In fact, there’s almost no action at all until the very end of the book. Despite this, both characters do manage to grow and when it’s required of them both will break from their respective moulds in order to step up to the mark. Gwenhwyfar is limited in what action she can take but she does teach Cecily a few very important lessons about life. Cecily, with more freedom afforded to her, can occasionally stick her neck out for what is right rather than what is the norm.

The novel covers a couple of years of life in this English community in Wales, broken down into periods of time. Occasionally the narrative will be following a certain event for a while and then all at once the new paragraph break leads to a new, completely different and unrelated event. These could at times be a bit sudden and jarring but I had no major issues with them as it was fairly easy to wrap your head around the subject change each time.

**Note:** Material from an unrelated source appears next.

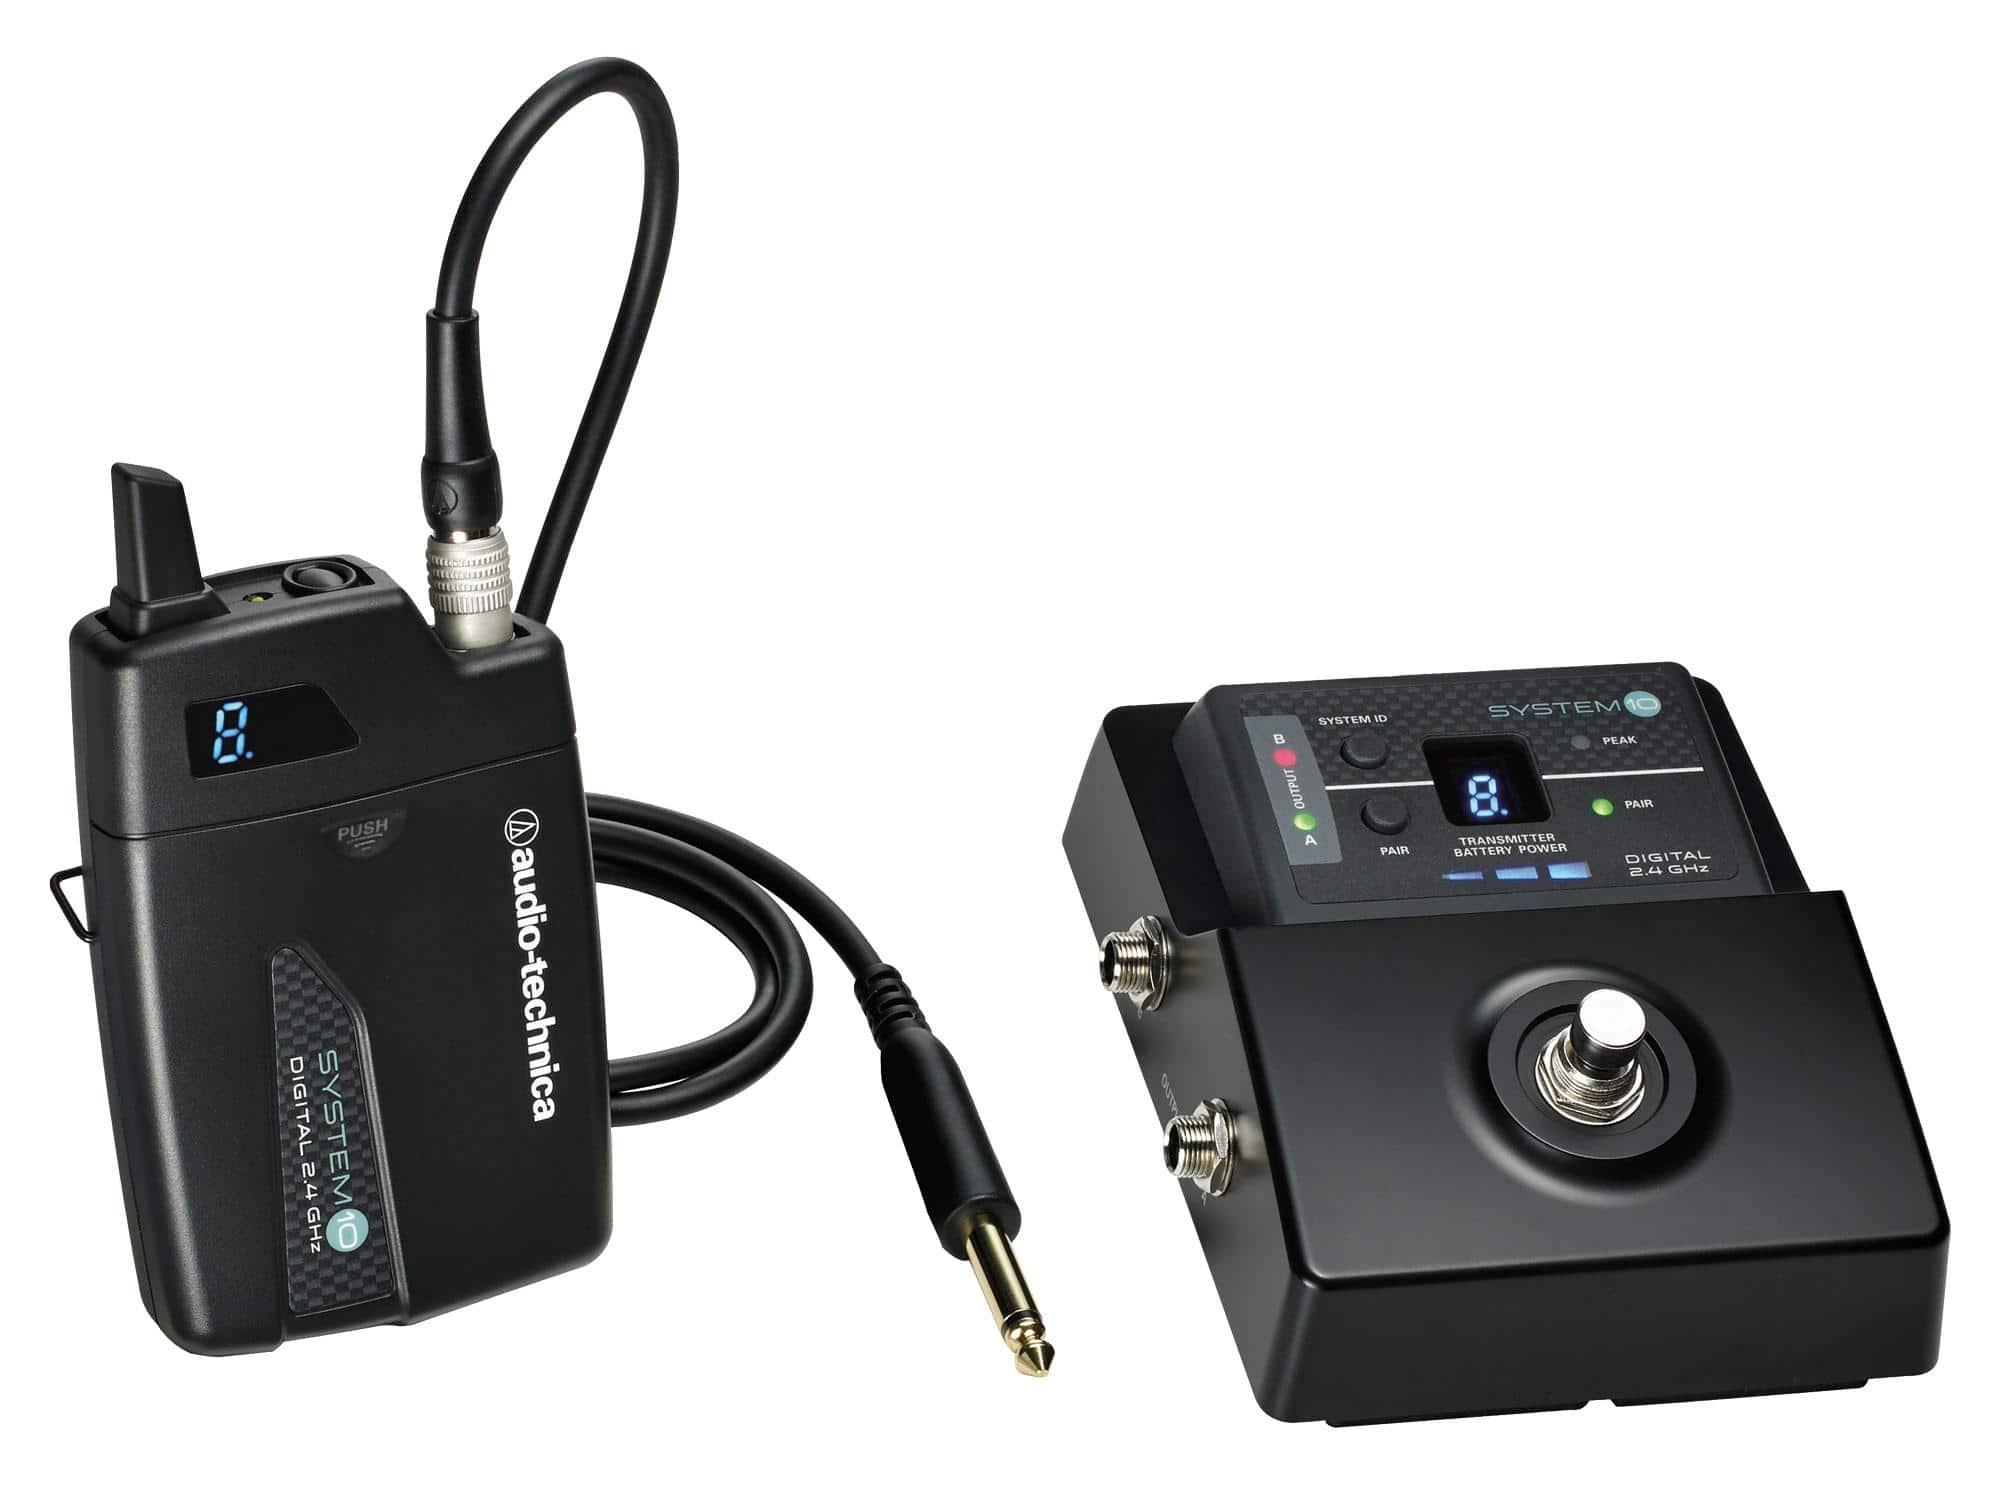 Audio Technica ATW 1501 Bodypack Stomp Funkset

The author has a wonderful, lyrical style that really drew me in and managed to give the feeling of a historic setting. She does go down that road of using very modern vocabulary (“upside the head”) or more recent American vocabulary (“stoop”) a couple of times, which was frustrating for me as I felt that it ruined the effect she strove so hard to create in the first place.

At the end of the day, this was a novel that didn’t catch my attention upon first glance, but it’s one that took me on a real ride and educated me as well as entertained me. It won’t appeal to all readers, but it was just my cup of tea. I loved it.

Style: See above. Also, Cecily’s voice is perhaps a tad too modern but it entertained me to the point where I didn’t mind.

Final verdict: A fabulous book that paints a fascinating portrait of tension in Wales during one of the most important points in the country’s history. 5 stars

Extra notes: I think there was a very small amount of bad language. No sex. The book is appropriate for young adults but may appeal to an older audience more.


  1. Tweeted this post. Everyone should know about another great story.

    Keep up the good work. :-)

  2. Thanks! I really do recommend this book if you're a history buff or like slow burning tension.

  3. I love a good YA historical fiction and this one sounds great! So glad you enjoyed it :) Hopefully I'll get to read this one soon.